# 1953/4 “Kent of London” or “England”



## s1b (Sep 26, 2019)

My father was telling me that in 1953/4 he had got a new bike. A “lightweight”. He remembers it’s having “Kent of London” or “England” on it.
Anyone the, what brand that would’ve been?


----------



## rollfaster (Sep 26, 2019)

Raleigh?


----------



## s1b (Sep 26, 2019)

rollfaster said:


> Raleigh?



That’s what he said to me in the past, but he’s really not sure.


----------



## juvela (Sep 26, 2019)

-----

There is a Kent department store marque in the U.S. but I do not know if it was going at this time...

It is simply "Kent" and not "Kent of _____"  The cycles under its badge all come from the orient.

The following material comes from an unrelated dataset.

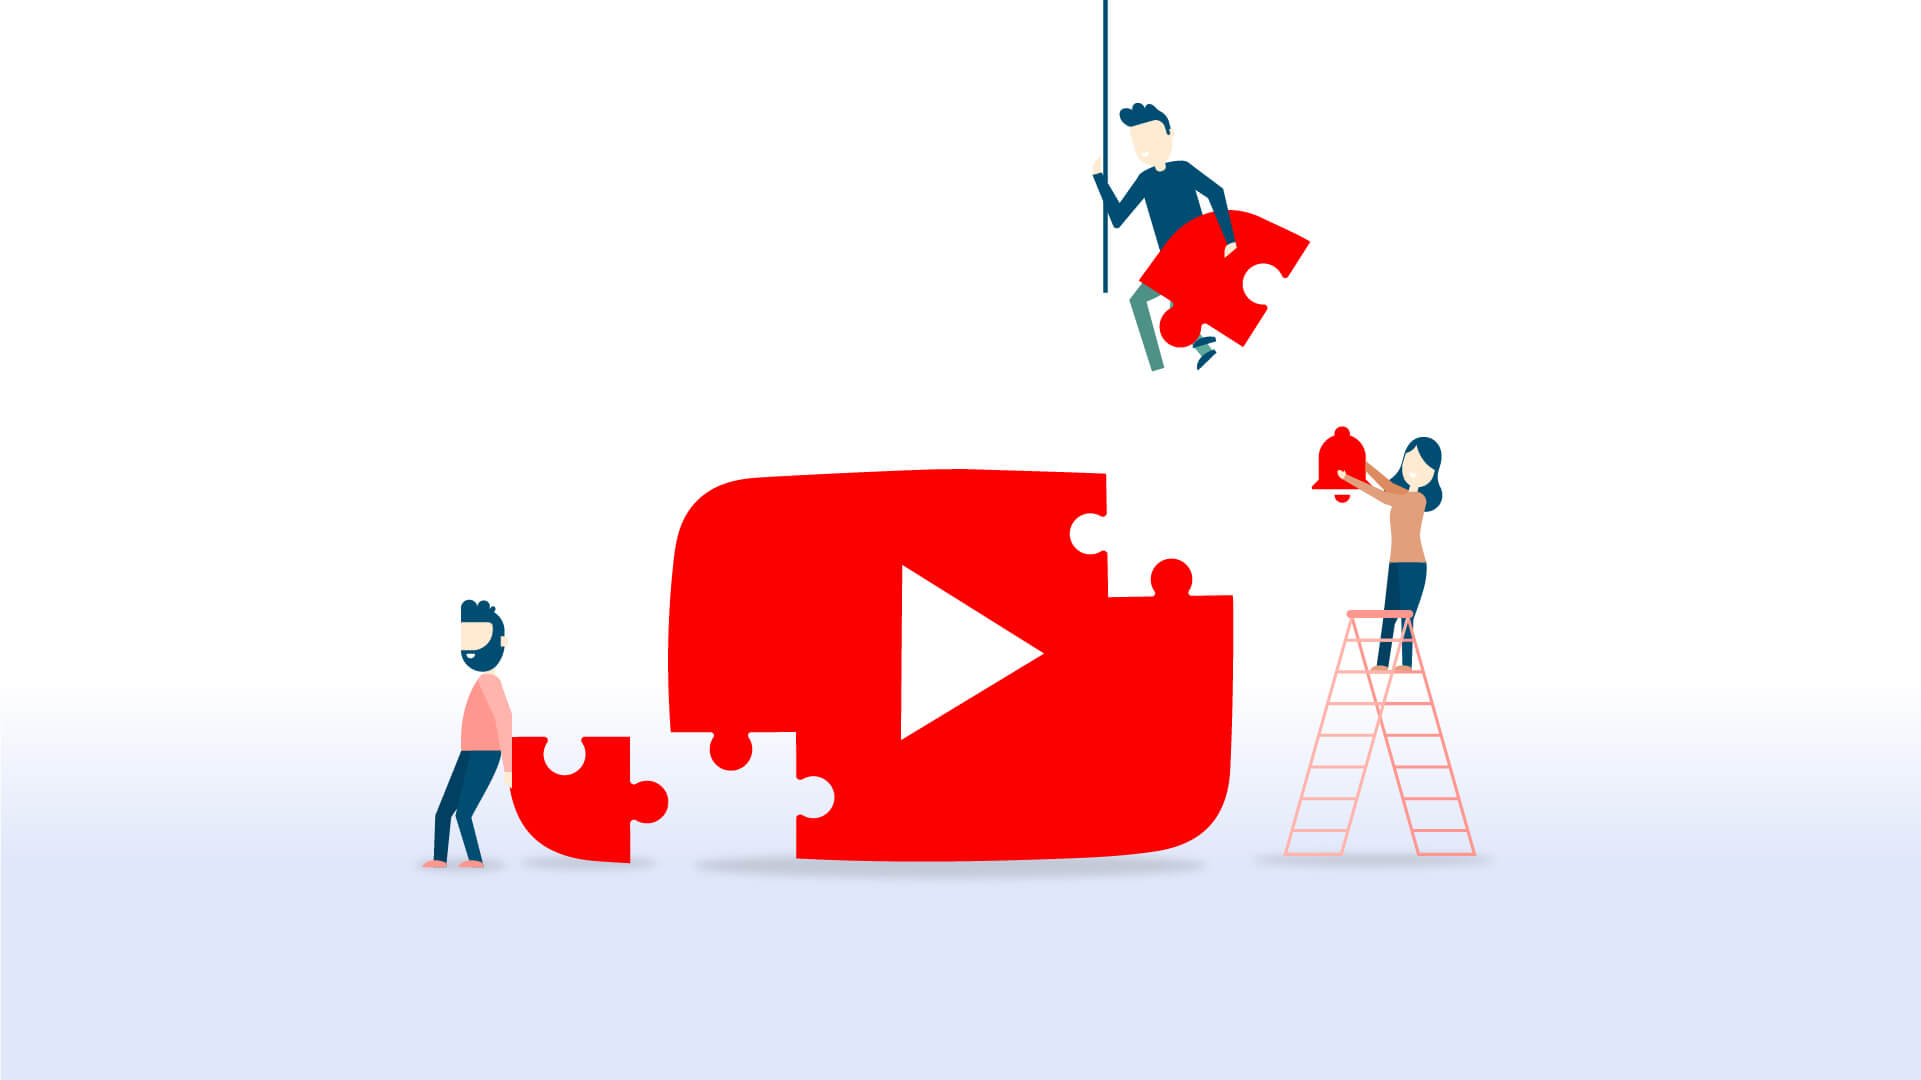 Follow these 9 Steps to build a successful YouTube brand

Currently there is a "Kent International" bicycle manufacturing entity based in the U.S.

Raleigh did do chainstore contract manufacturing for U.S. companies.  They did some for U.S. major brands also, such as Monark.

-----


----------



## usarnie1 (Sep 26, 2019)

It was not Hercules of Birmingham, as they manufactured four different bicycles in 1953/54.  The Hercules Tourist, the Hercules Royal Prince, the Hercules Churchill and the Hercules Windsor.


----------



## GTs58 (Sep 26, 2019)

I had a 1961-62 Kent made three speed twin top bar cantilever light weight and the name of the bike was Londonair or something like that.


----------



## dweenk (Sep 30, 2019)

As I recall a Kent passed through my hands a few years ago. It had a Sturmey/Archer hub and an aftermarket shifter. The model name was "Executive". I thought it was a contract build from England and passed it on quickly. The best components were the hub, crankset, and handle bars (oops, forgot about the brakes).


----------